In early 2005 the Lord's Resistance Army (LRA), led by Joseph Kony, intensified operations in northern Uganda. While the group subsequently shifted its activities to neighbouring countries, 2005-2006 witnessed a resurgence in its activities; particularly in the Gulu and Kitgum districts of Uganda.

The LRA had fought an insurgency against the Government of Uganda for almost two decades, notably perpetrating atrocities against the civilian population of the north, including mass killings and mutilations. It relied on the abduction of children to create a fighting force; some of whom were as young as 8 years old. Once abducted from their homes, the LRA conditioned these children to become fighters, forcing them to kill their families and friends.
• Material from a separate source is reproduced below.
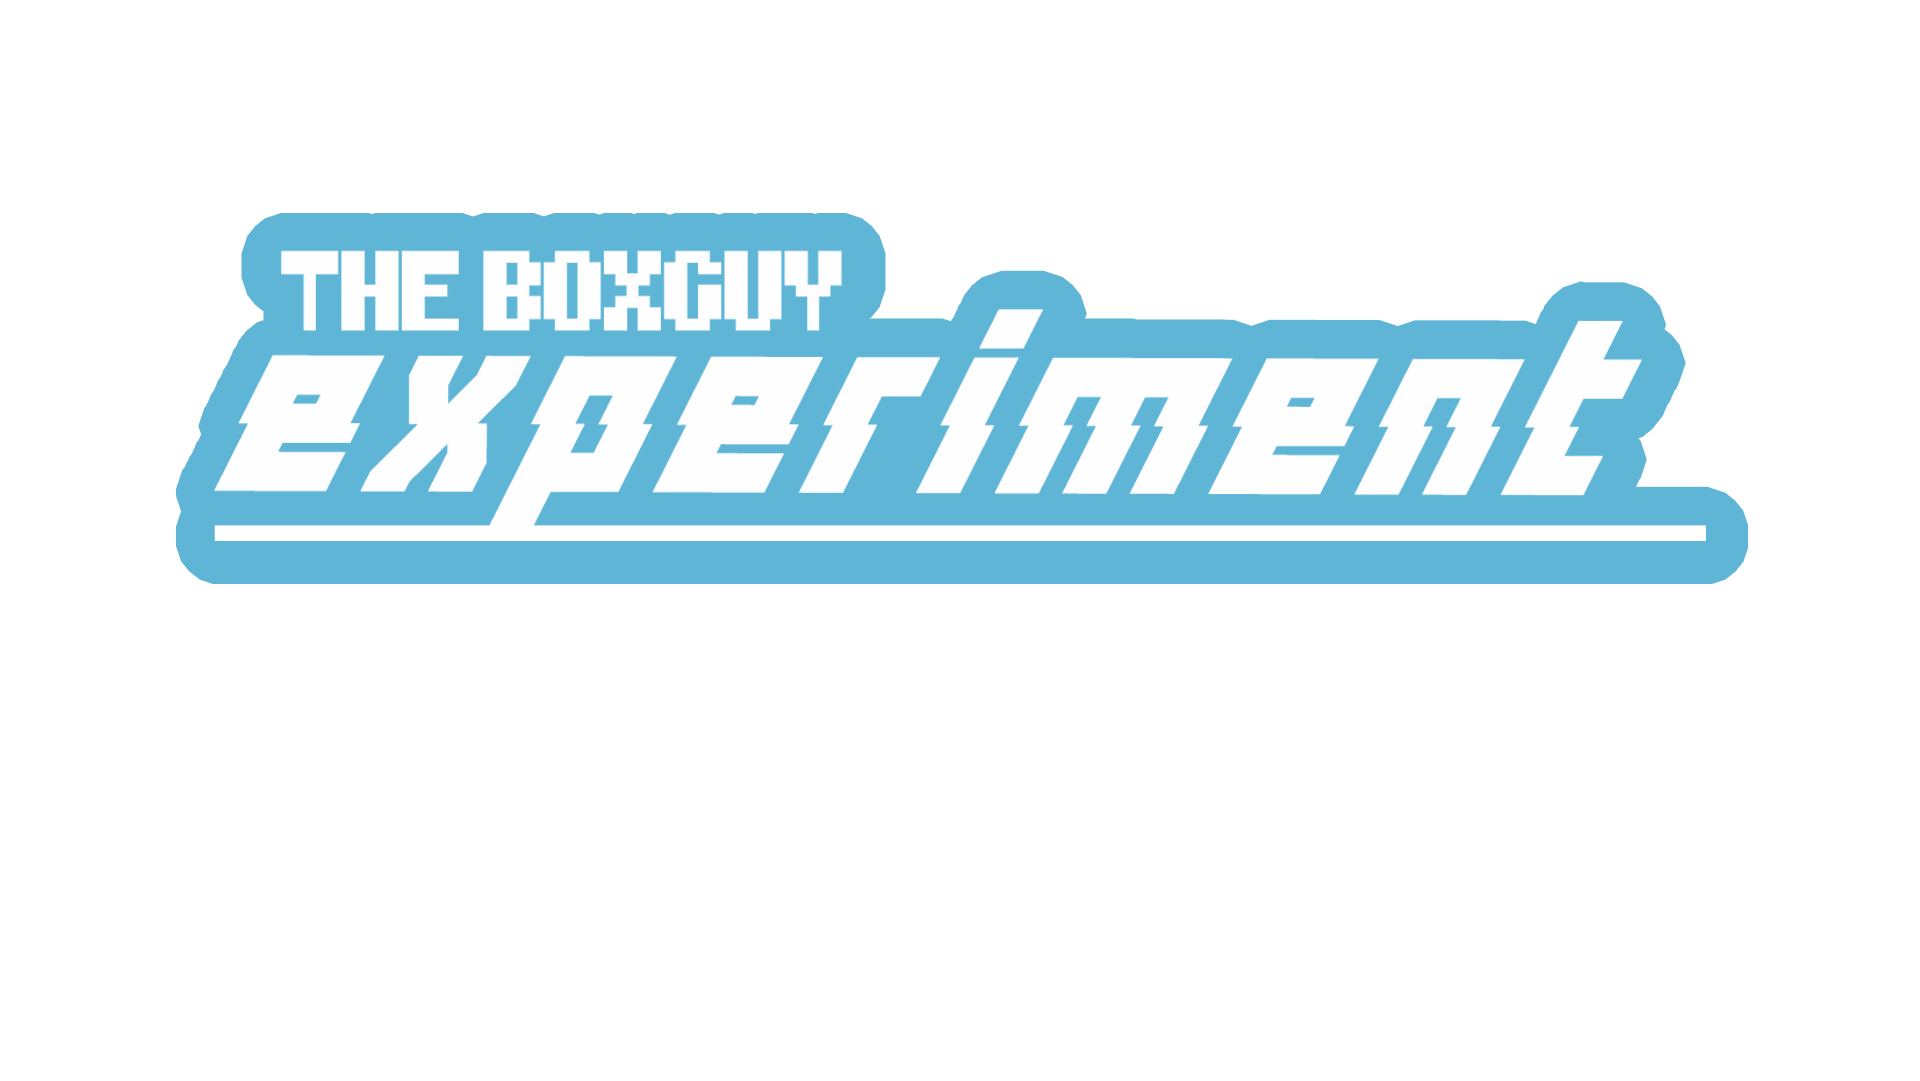 the boxguy experiment(OLD PROTOTYPE)
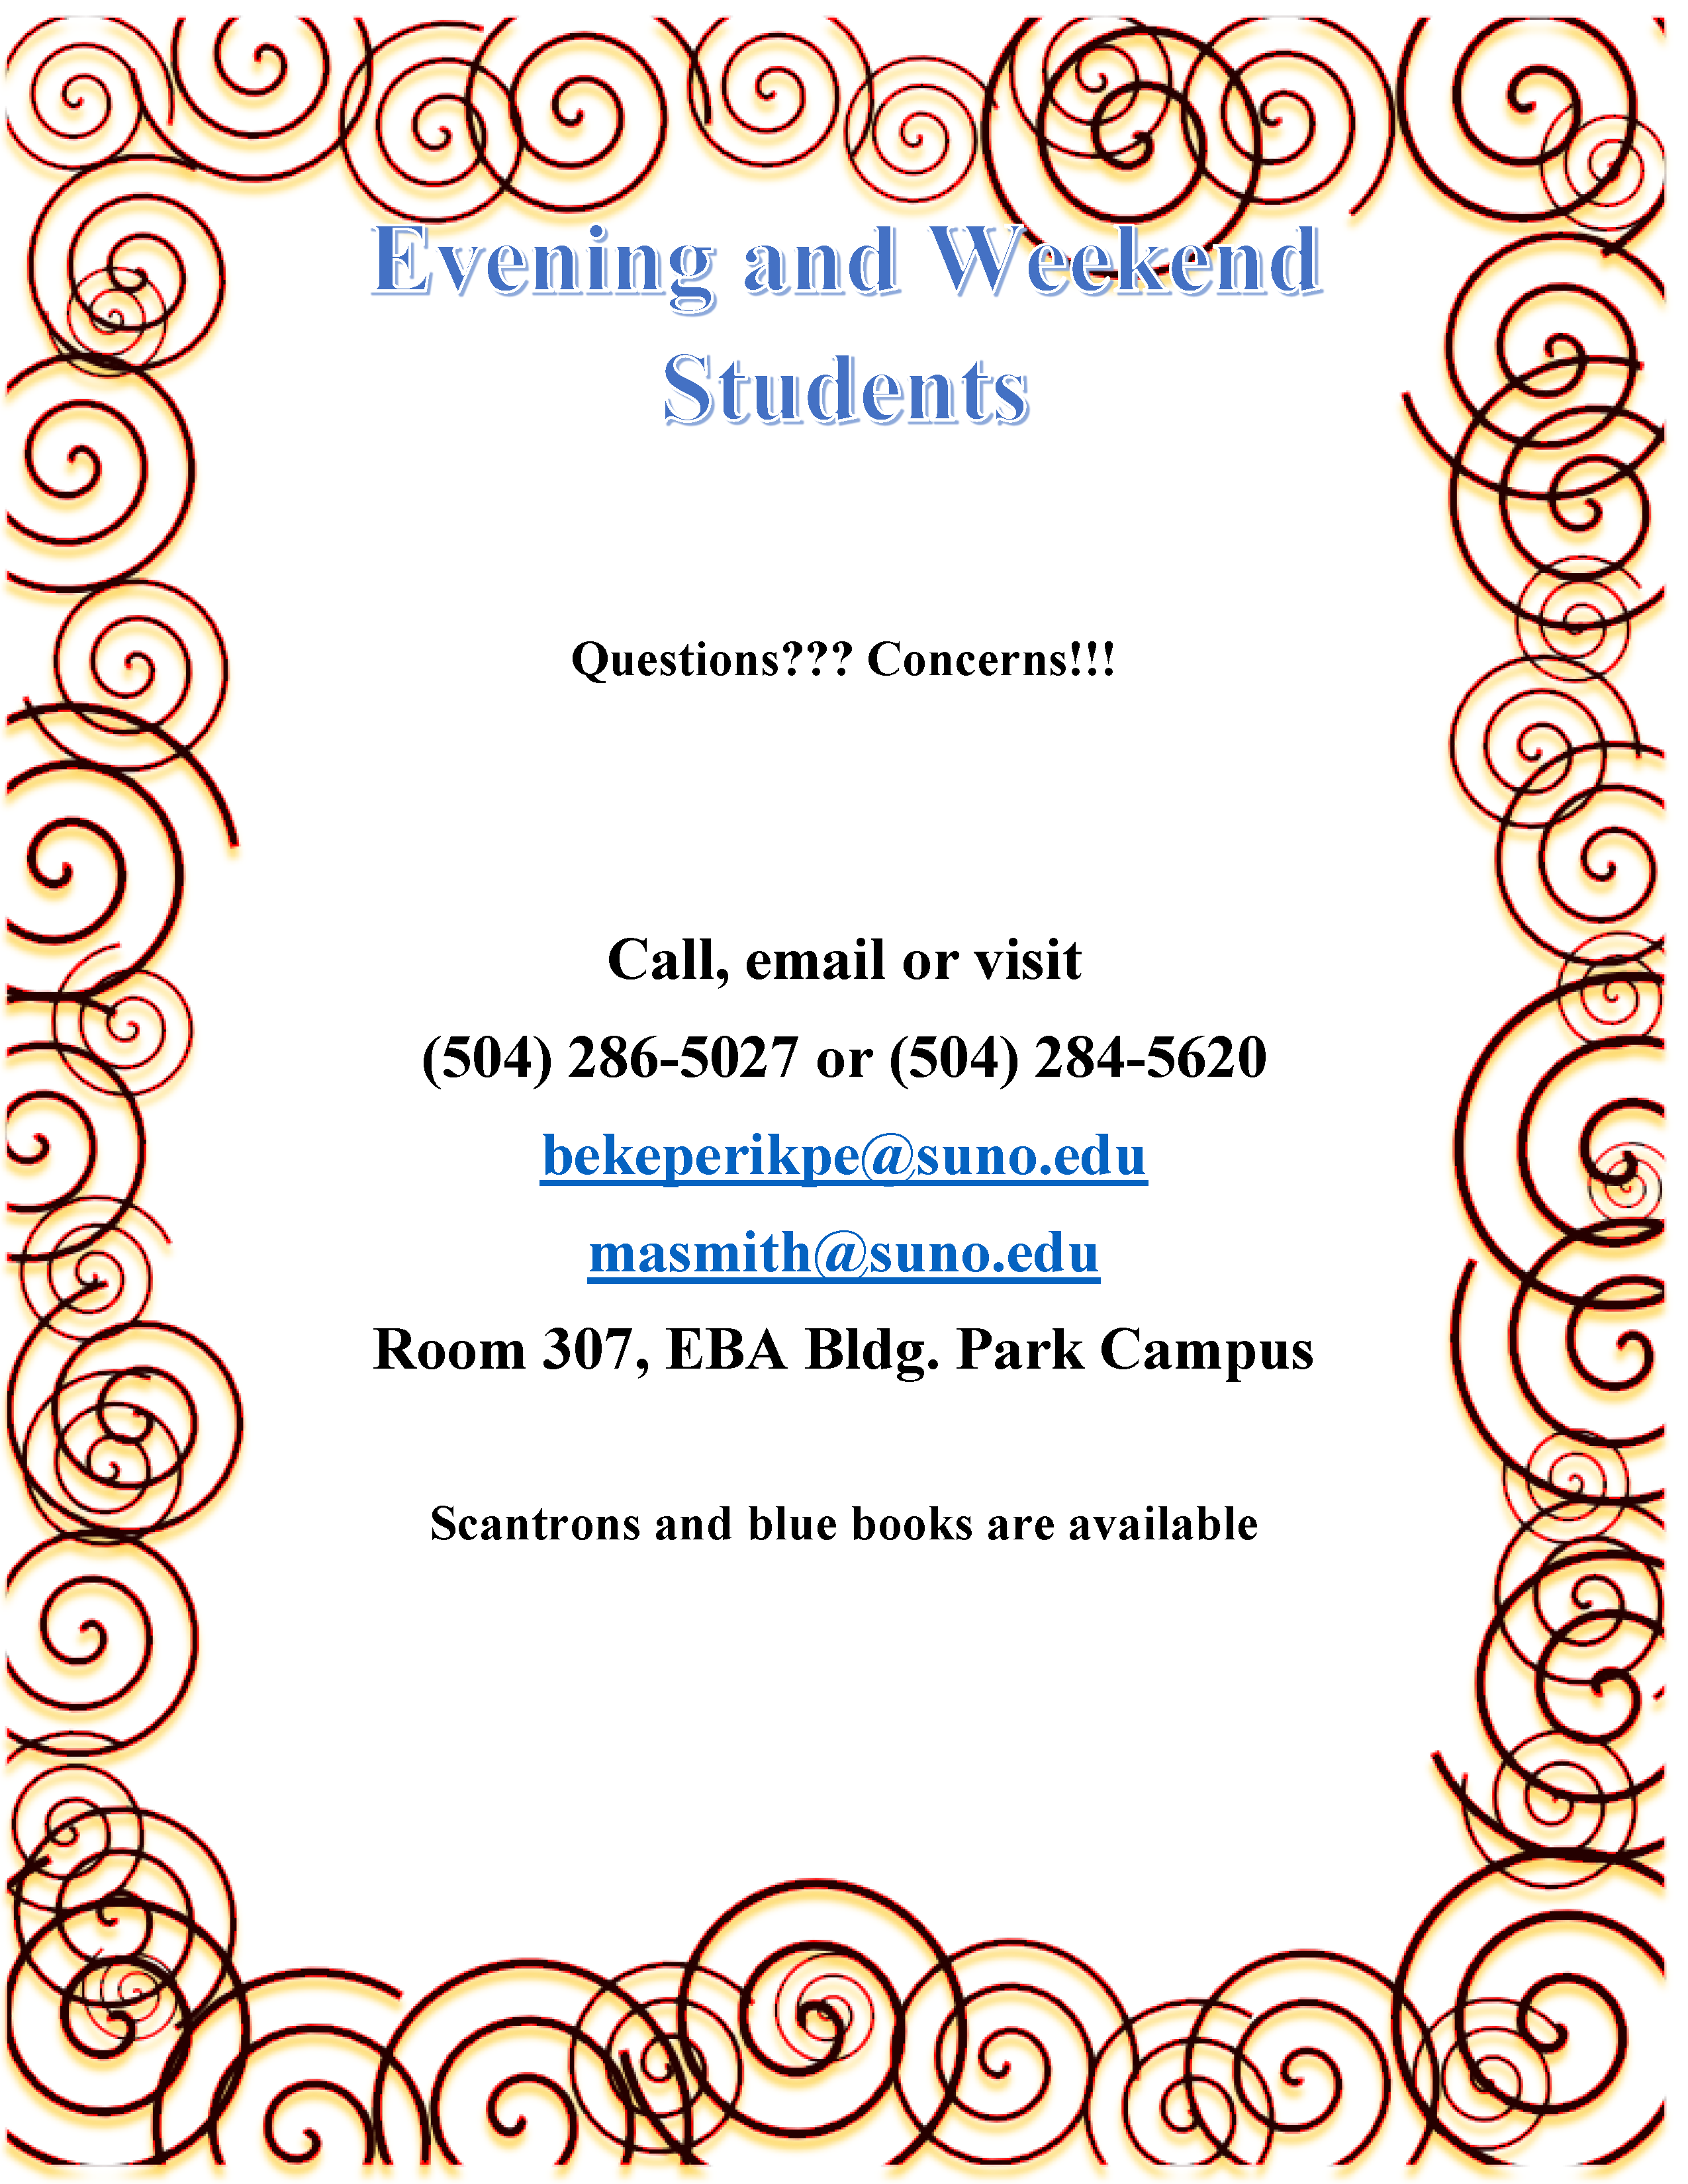 Evening and Weekend Students Concerns Flyer

I traveled to northern Uganda in order to assess the role that small arms played in the conflict and the LRA's sources of weapon. The research entailed  interviewing captured LRA fighters, including child combatants, in order to determine the LRA's acquisition, deployment and use of small arms and ammunition.

This was one of the most challenging of my field research assignments; primarily because of the suffering experienced by the people I interviewed; whether victims of attack by the LRA or the rank and file of the group.

I published my findings in a chapter of the 2006 Small Arms Survey Yearbook in addition to an analysis presented in the Journal of Civil Wars. These findings have been cited by a number of studies on Uganda's 'northern conflict'; primarily because they were the first to adopt a strategic, field-based appraisal of the LRA's acquisition, maintenance and use of weapons.

I have since advised a number of organizations, including United Nations agencies, on the LRA and the conflict in northern Uganda more generally.